---------- Available records ----------

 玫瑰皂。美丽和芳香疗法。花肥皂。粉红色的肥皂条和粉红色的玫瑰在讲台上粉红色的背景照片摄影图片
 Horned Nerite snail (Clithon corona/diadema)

----------
---------- Available records ----------

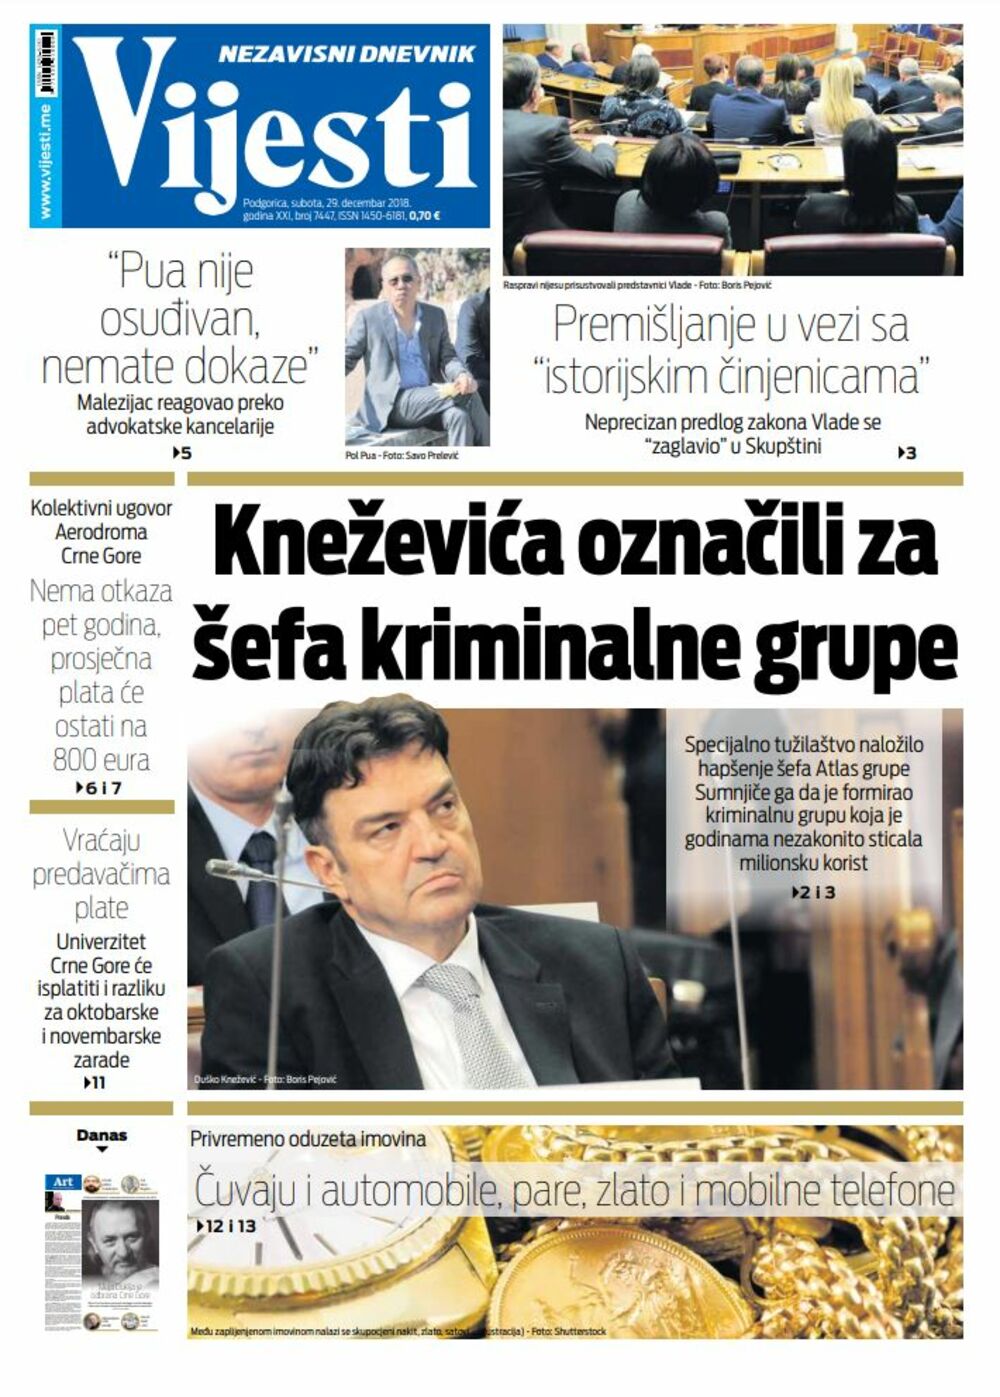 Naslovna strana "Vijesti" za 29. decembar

----------

* [Your objective]
Please copy, exactly as written, every line in the listing above from the line with "玫瑰皂。美丽和芳香疗法。花肥" up to and including the line with "Horned Nerite snail (Clithon corona/diadema)".

* [Result for this task]
 玫瑰皂。美丽和芳香疗法。花肥皂。粉红色的肥皂条和粉红色的玫瑰在讲台上粉红色的背景照片摄影图片
 Horned Nerite snail (Clithon corona/diadema)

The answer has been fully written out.